We're 3 acts into this drag show and we've already run out of Lady Gaga songs.
His internet history had "Disney Porn" on it.
and I was crying with the towel lady in the bathroom of the bar about the tragedy in Haiti. Then we hugged before I left and I gave her 10 dollars.
I always have to poop after I paint my nails. It never fails.
CANT TOUCH THIS JUST CAME ON MY IPOD. LOVE STEVE JOBS
I gurantee you I'll be the only one dressed as a giraffe.
I told him I had to grab my Swedish fish from the car before they froze. Then I just left. But the fact that he knew how important it was not to have my fish freeze almost made me come back in....almost.
#1- I went to button my shirt only to find they were all mising. #2- I'm so fu@king sore I feel like I was sweating to the oldies all night. #3- this pounding headache I have, I blame solely on Jennifer. Everyone sounds like Billy Mays when they talk. I remember nothing from last night, I'm concerned.
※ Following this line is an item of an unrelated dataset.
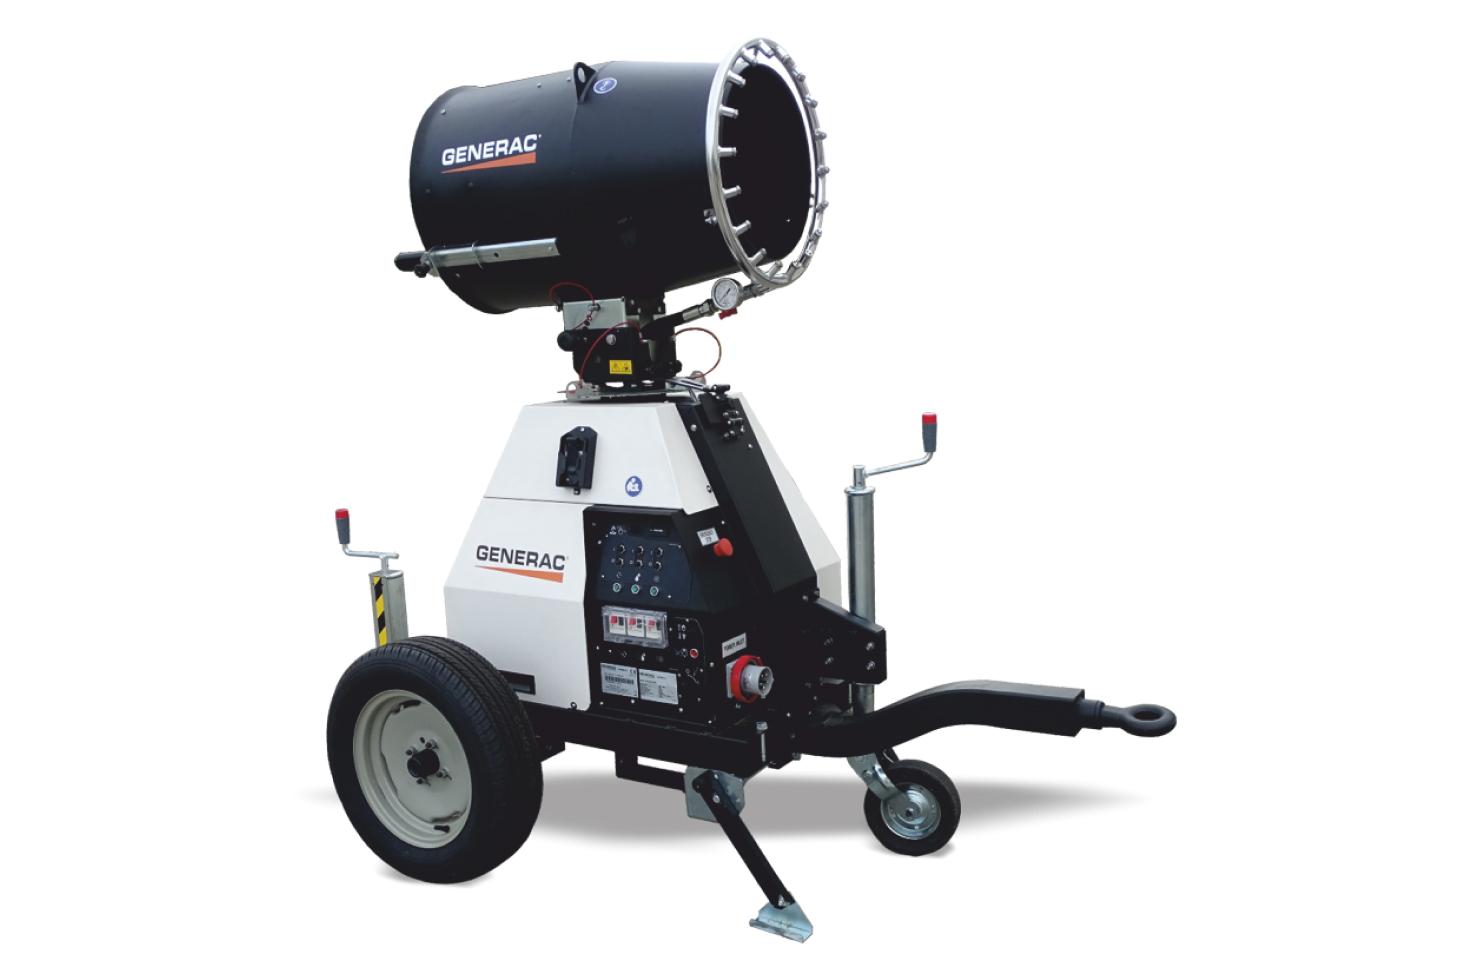 DF 4500 Generac Mobile Установка подавления пыли
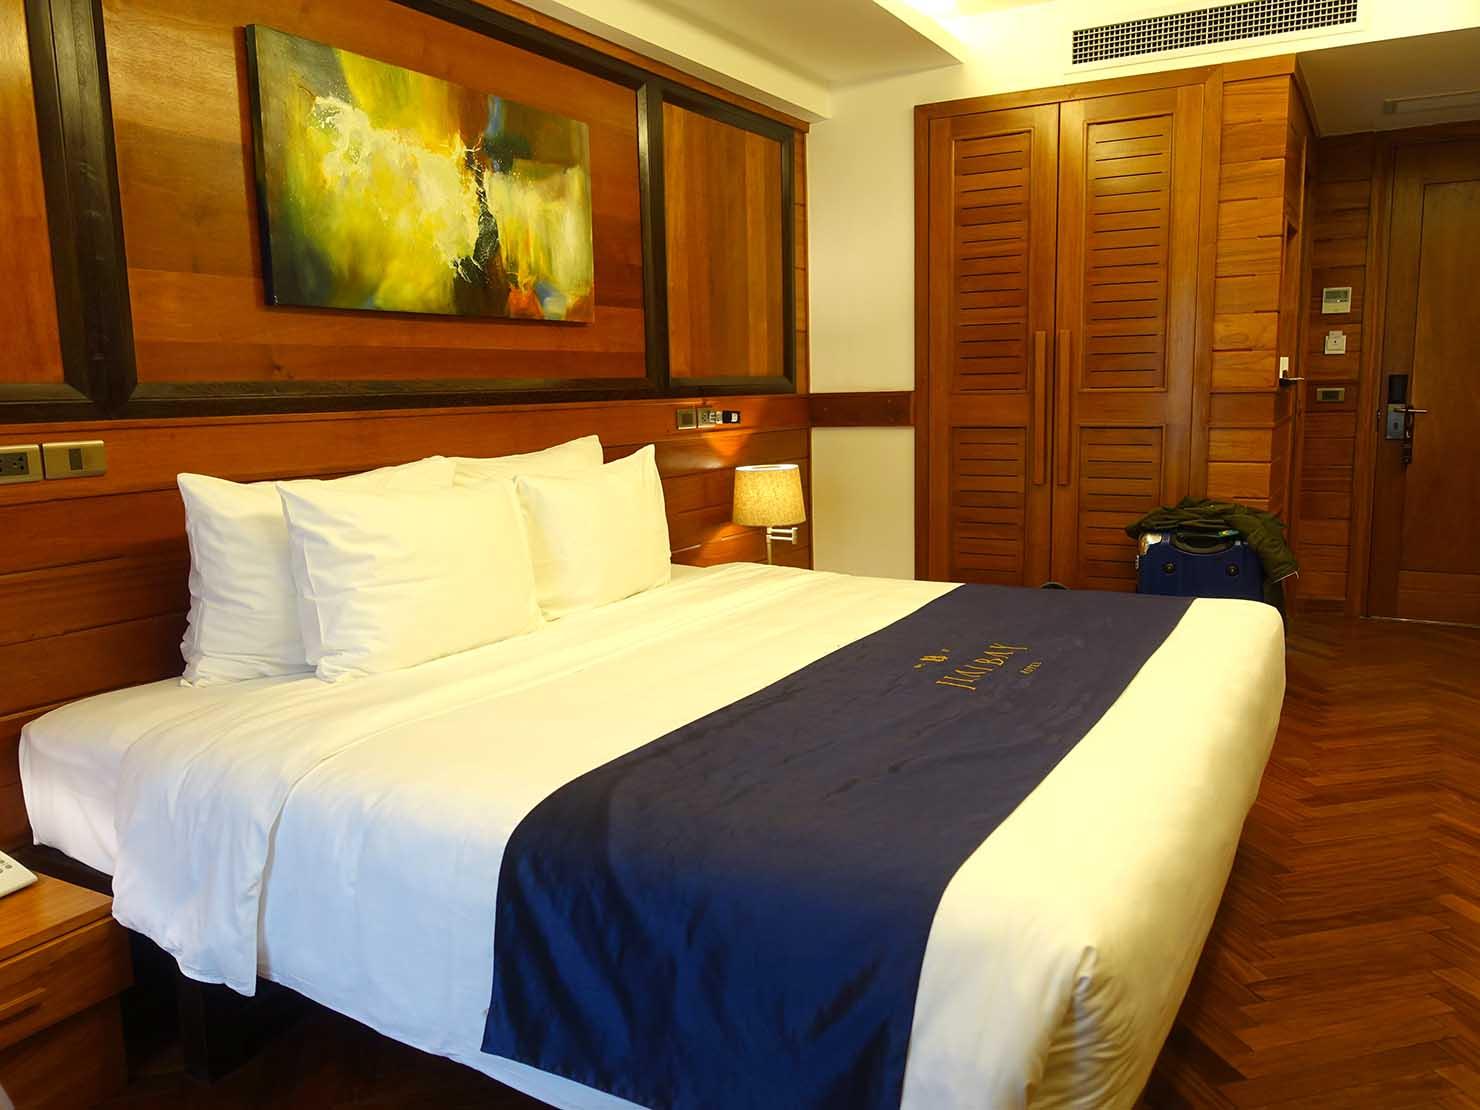 ハノイ旧市街ど真ん中の観光に便利なおすすめホテル「Hai Bay Hotel」窓側から見たエグゼクティブ・ダブルルーム

And I think your bro would be happy to know that when I took my bra off like 10lbs of confetti fell out. It was like my tits were celebrating being free
We're both great liars, in committed relationships, and horny. Its the perfect storm of cheating
Send help, water and tortillas.
I stole us four large rolls of toilet paper from the hotel carts. I feel like the breadwinner in this relationship
You don't know how small your school is until you know everyone in the ER on a Friday night.
the bartender knew what was up when i took a sip of my drink, gagged and asked her to water down my water
I just watched someone put a diaper on a cat..I'm to high for this.